* **ACTIVITY**: The expected result is the segment of the entries that begins with the line containing "DROPBOX - 上傳檔案" and ends with the last line, copied verbatim.
==========
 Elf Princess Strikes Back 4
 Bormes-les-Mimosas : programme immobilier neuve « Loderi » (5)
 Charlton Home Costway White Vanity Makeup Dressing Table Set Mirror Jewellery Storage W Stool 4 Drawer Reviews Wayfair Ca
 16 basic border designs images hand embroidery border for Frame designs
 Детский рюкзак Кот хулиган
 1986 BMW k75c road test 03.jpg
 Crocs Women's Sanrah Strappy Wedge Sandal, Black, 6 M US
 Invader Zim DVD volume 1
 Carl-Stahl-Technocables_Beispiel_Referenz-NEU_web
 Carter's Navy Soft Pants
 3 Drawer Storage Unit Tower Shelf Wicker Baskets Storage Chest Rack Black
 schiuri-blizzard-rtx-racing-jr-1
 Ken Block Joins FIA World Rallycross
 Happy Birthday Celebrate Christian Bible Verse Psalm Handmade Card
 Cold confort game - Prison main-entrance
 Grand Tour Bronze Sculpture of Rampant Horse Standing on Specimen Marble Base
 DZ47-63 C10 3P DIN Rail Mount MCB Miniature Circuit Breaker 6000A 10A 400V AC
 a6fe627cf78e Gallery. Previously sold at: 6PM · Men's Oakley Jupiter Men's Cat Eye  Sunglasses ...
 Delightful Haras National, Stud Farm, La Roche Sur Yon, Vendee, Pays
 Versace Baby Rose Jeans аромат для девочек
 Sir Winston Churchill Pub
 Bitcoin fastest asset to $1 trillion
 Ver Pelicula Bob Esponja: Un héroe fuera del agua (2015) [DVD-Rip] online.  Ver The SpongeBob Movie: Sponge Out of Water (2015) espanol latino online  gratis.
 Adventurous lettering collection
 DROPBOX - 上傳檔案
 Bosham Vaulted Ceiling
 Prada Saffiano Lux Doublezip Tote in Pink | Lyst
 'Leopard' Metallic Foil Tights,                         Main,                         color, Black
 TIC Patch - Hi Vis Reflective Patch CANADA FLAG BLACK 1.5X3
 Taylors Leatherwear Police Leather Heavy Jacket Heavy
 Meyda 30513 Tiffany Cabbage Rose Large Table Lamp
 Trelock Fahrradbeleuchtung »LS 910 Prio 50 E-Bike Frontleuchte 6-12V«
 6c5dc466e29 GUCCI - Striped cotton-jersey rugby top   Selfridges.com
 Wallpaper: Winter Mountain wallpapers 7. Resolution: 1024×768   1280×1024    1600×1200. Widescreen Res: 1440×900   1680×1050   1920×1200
==========
* **RESULT FOR THIS EXERCISE**:
 DROPBOX - 上傳檔案
 Bosham Vaulted Ceiling
 Prada Saffiano Lux Doublezip Tote in Pink | Lyst
 'Leopard' Metallic Foil Tights,                         Main,                         color, Black
 TIC Patch - Hi Vis Reflective Patch CANADA FLAG BLACK 1.5X3
 Taylors Leatherwear Police Leather Heavy Jacket Heavy
 Meyda 30513 Tiffany Cabbage Rose Large Table Lamp
 Trelock Fahrradbeleuchtung »LS 910 Prio 50 E-Bike Frontleuchte 6-12V«
 6c5dc466e29 GUCCI - Striped cotton-jersey rugby top   Selfridges.com
 Wallpaper: Winter Mountain wallpapers 7. Resolution: 1024×768   1280×1024    1600×1200. Widescreen Res: 1440×900   1680×1050   1920×1200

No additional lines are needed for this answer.